When two bubbles cling together in midair, their common surface is part of a sphere whose center D lies on the line passing through the centers of the bubbles (please refer to the figure below) also angles ACB and ACD each have measure 60 degrees


*

*Show that the radius r of the common surface is given by r = ab / (b - a)
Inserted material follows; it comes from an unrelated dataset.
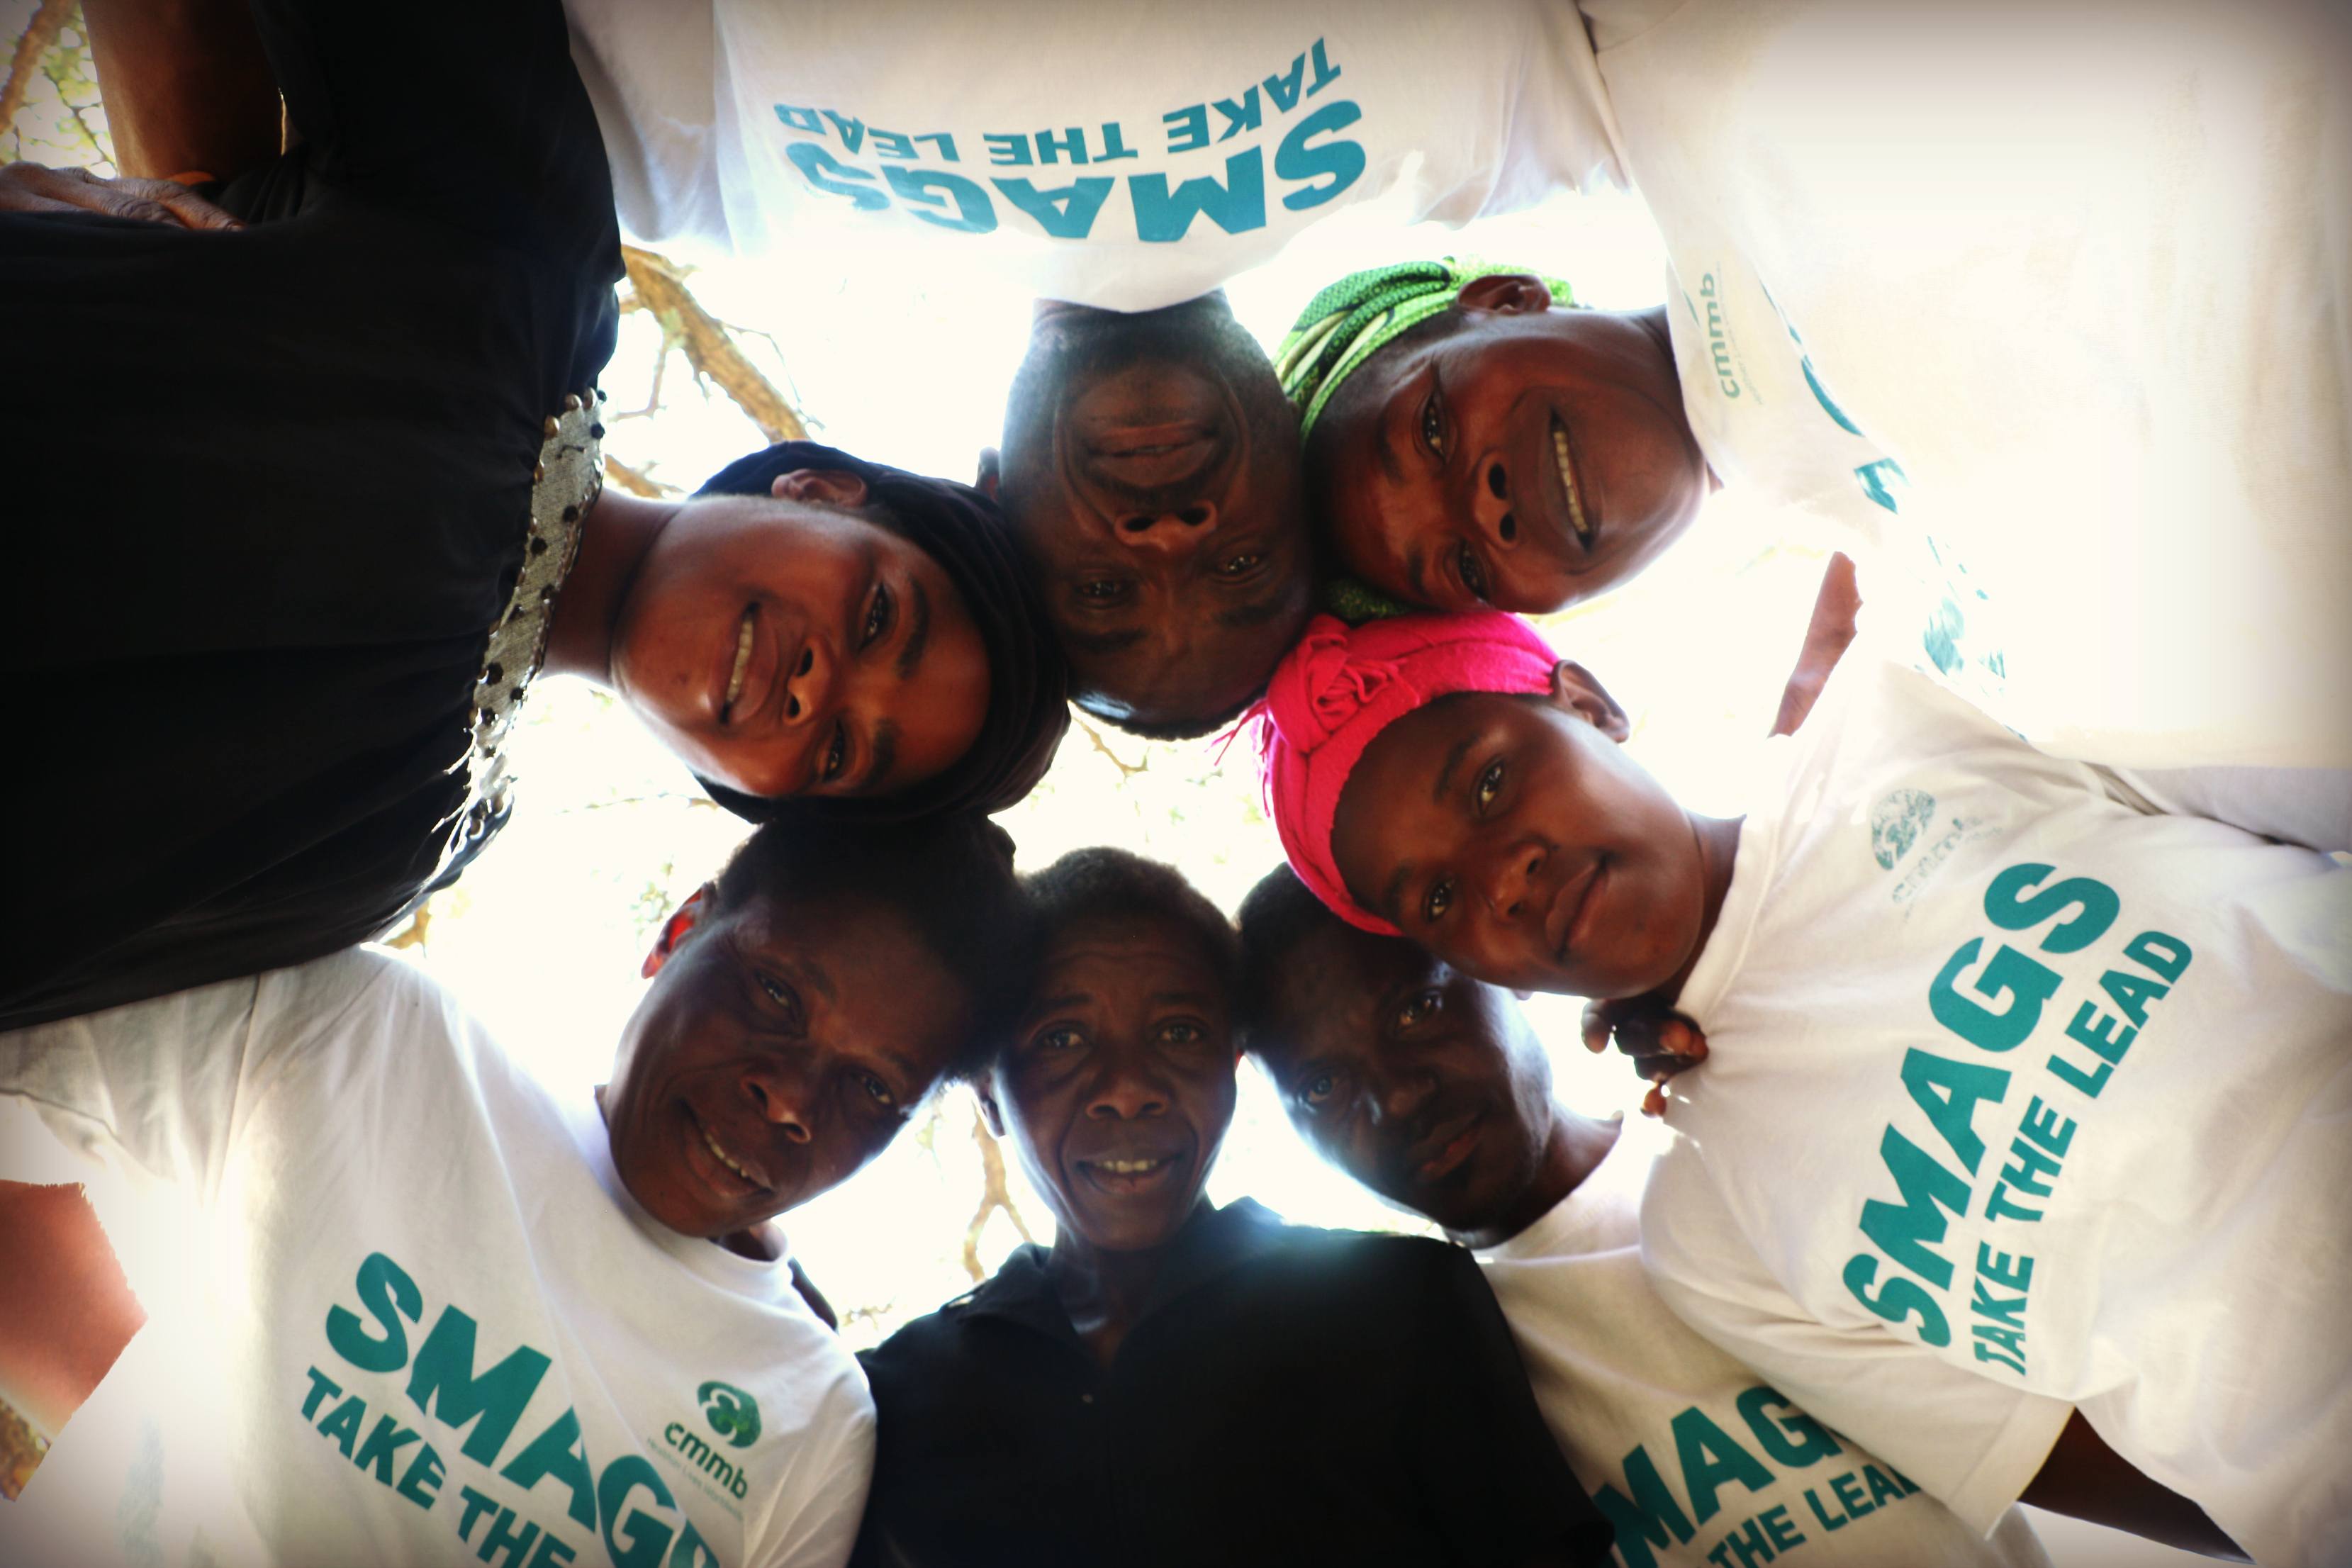 "Together we are stronger" - community health workers in Zambia rely on each other

*Find the radius of the common face if the radii of the bubbles are 3cm and 4cm


I could do the second one but after using law of cosines to find length of the segment AB in triangle CBA. That came out as 
Then I used law of sines in triangle ABC to find angle CAB = 73.897 degrees
Angle CAD = 180 - angle CAB = 106.1 degrees
angle CDA = 180 - 106.1 - 60 = 13.897 degrees
Then I used law of sines in triangle CAD to find the value of r
But I couldn't make any headway for the first one. Also it seems to me that I don't need law of cosines to solve this problem.
Any help will be appreciated.
Thanks

 A: By the law of cosines,
$$BD=\sqrt{a^2+r^2-2ar\cos(120)}$$
$$BA=\sqrt{a^2+b^2-2ab\cos(60)}$$
$$AD=\sqrt{b^2+r^2-2br\cos(60)}$$
Since $BD=BA+AD$ we now have
$$\sqrt{a^2+r^2-2ar\cos(120)}=\sqrt{a^2+b^2-2ab\cos(60)}+\sqrt{b^2+r^2-2br\cos(60)}$$
Note that $\cos(60)=1/2$ and $\cos(120)=-1/2$. Hence we obtain
$$\sqrt{a^2+r^2+ar}=\sqrt{a^2+b^2-ab}+\sqrt{b^2+r^2-br}$$
WolframAlpha now gives the solution $r=ab/(a-b)$, although you can prove it by hand if necessary by squaring both sides, isolating the remaining root and then squaring both sides again.
For the second one, just plug in $a=4$ and $b=3$ to obtain $r=12$.
A: Hint.
The line $CA$ is angle $\angle{DCB}$ bisector so
$$
\frac{BA}{AD} = \frac{a}{r}
$$
A: As this is a homework problem, I will just give an outline of the answer. Denote the length of $\overline{AD}$ by $\ell$ and the length of $\overline{BA}$ by $s$.
Step 1: Find nice formulae for $\ell^2, s^2$ in (and at worst quadratic in) $a,b,r$ by using the law of cosines.
Step 2: Use the law of sines, and that $\sin( \angle BAC) = \sin(\angle DAC)$, to show $a/s = r/\ell$.
Step 3: The equation $r^2 = a^2 \ell^2/s^2$ is quadratic in $r$. Show that it has as solutions $r = a, ab/(a-b)$.
Step 4: Figure out why the solution $r=a$ is unnecessary.